THE TASK
Reproduce only the lines below from the line containing "We may not get" to the line containing "Electric Lint Remover", exactly as written, with both end lines kept. Omit the pictures.

** Opening INPUT DATA block **

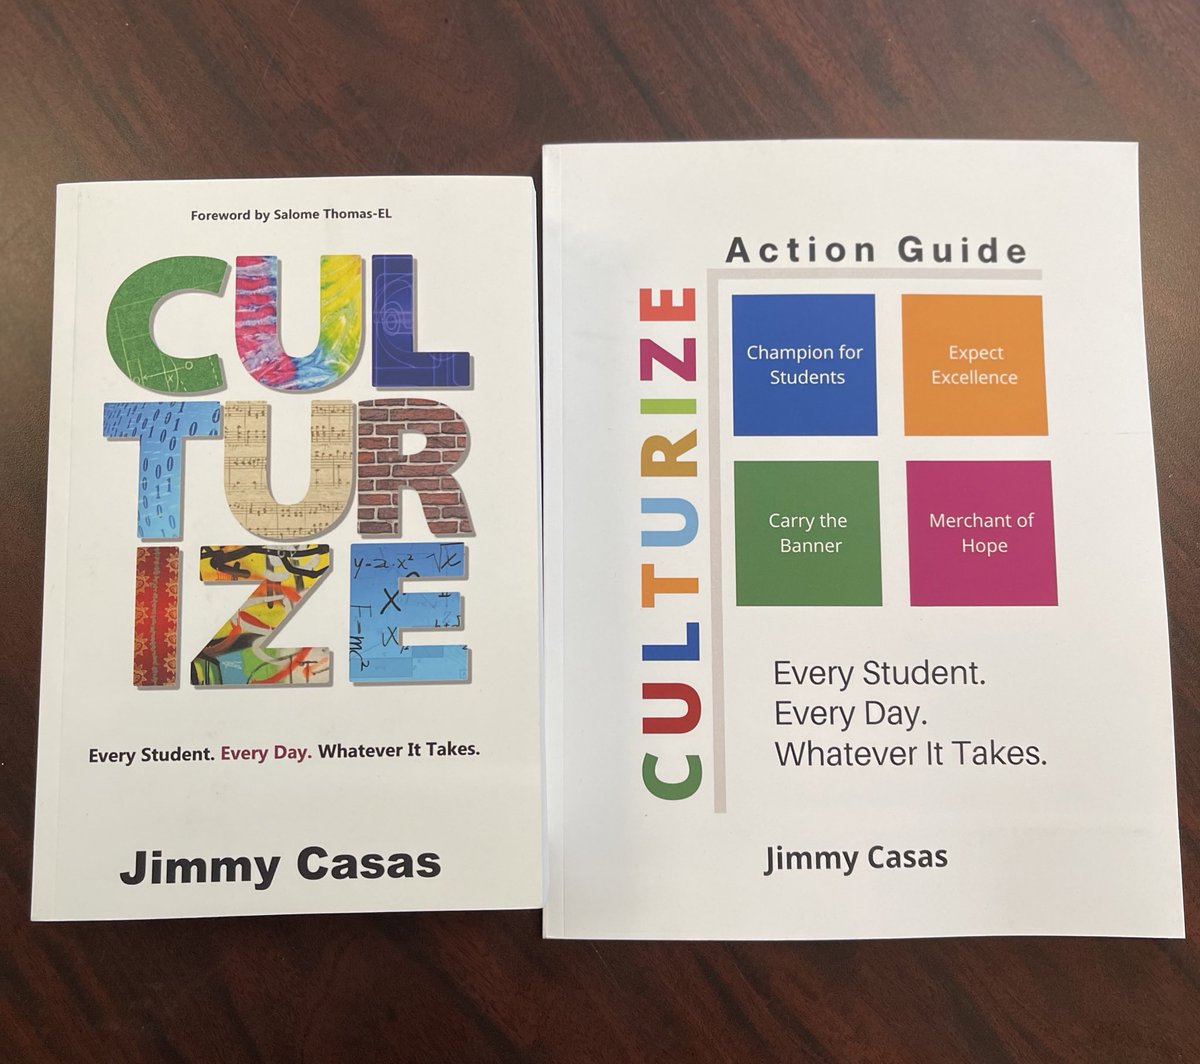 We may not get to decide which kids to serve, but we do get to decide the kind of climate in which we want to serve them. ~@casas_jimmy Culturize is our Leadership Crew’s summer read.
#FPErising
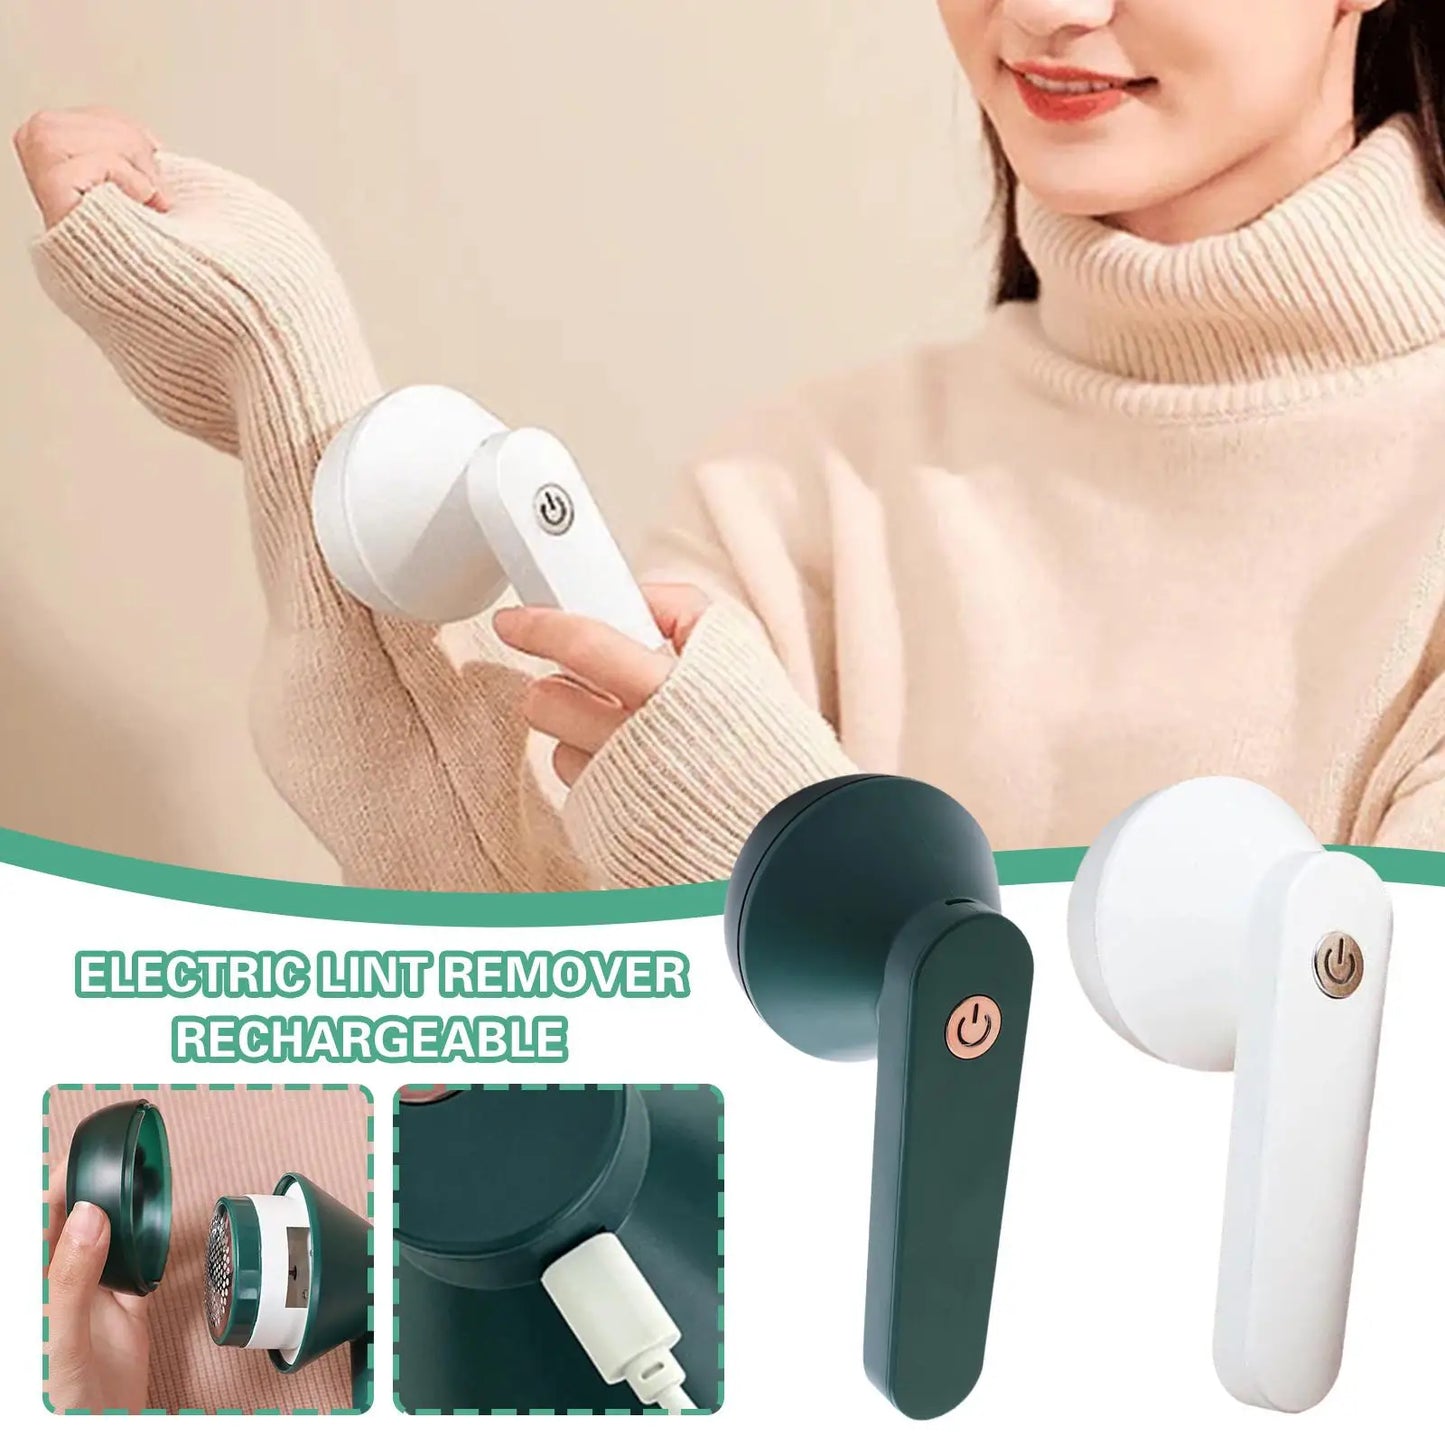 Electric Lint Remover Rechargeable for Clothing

** Closing INPUT DATA block **
** Opening INPUT DATA block **

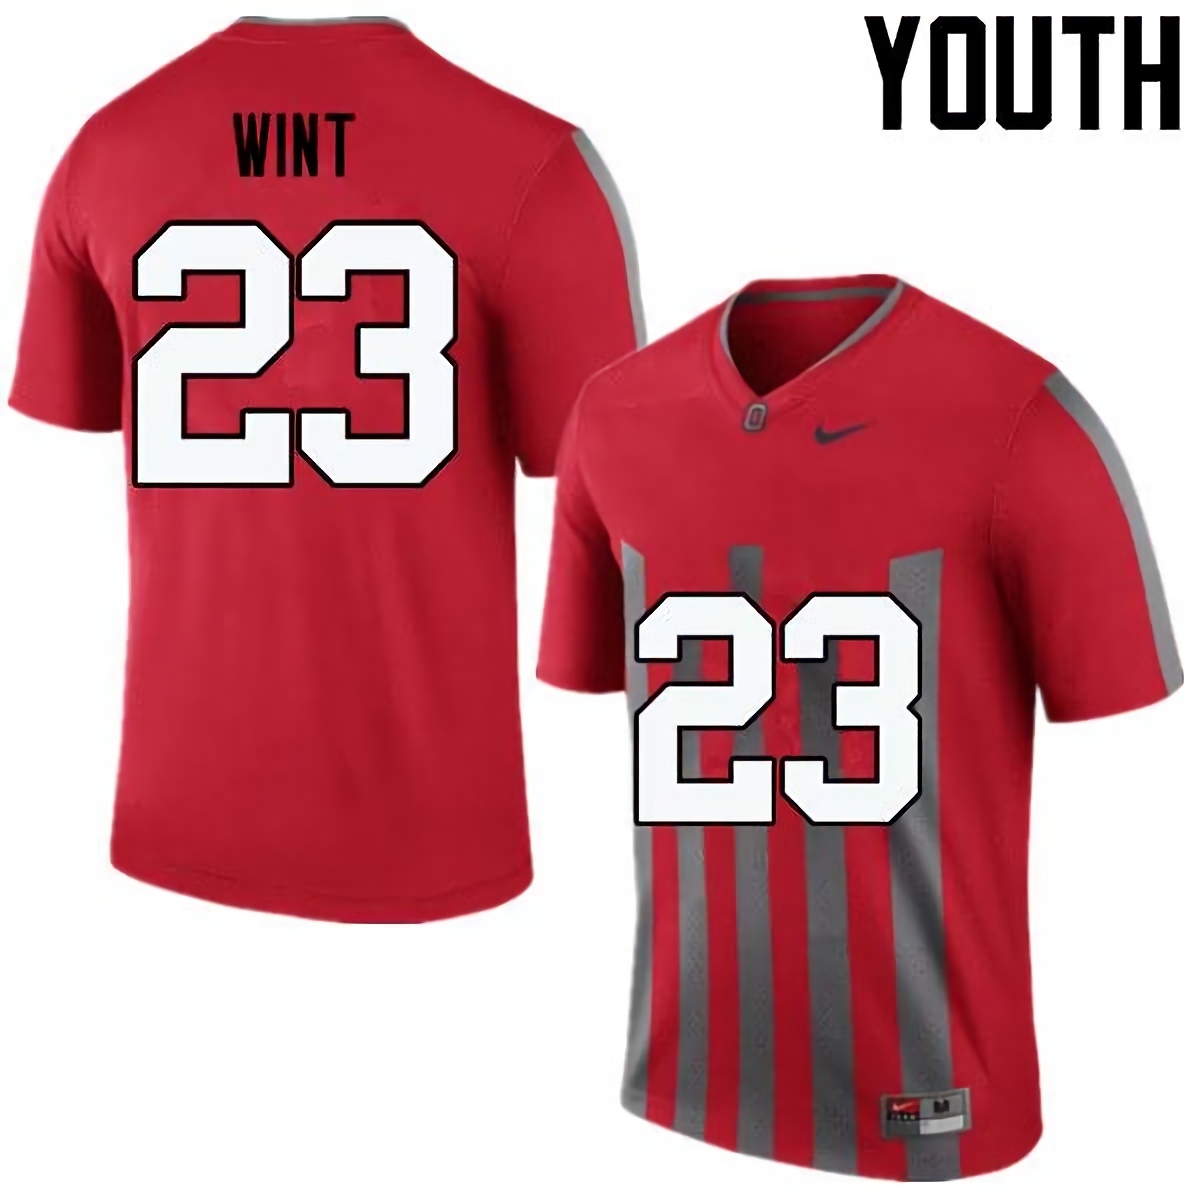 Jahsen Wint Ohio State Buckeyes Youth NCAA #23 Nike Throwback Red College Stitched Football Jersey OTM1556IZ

** Closing INPUT DATA block **

RESPONSE BELOW
 We may not get to decide which kids to serve, but we do get to decide the kind of climate in which we want to serve them. ~@casas_jimmy Culturize is our Leadership Crew’s summer read.
#FPErising
 Electric Lint Remover Rechargeable for Clothing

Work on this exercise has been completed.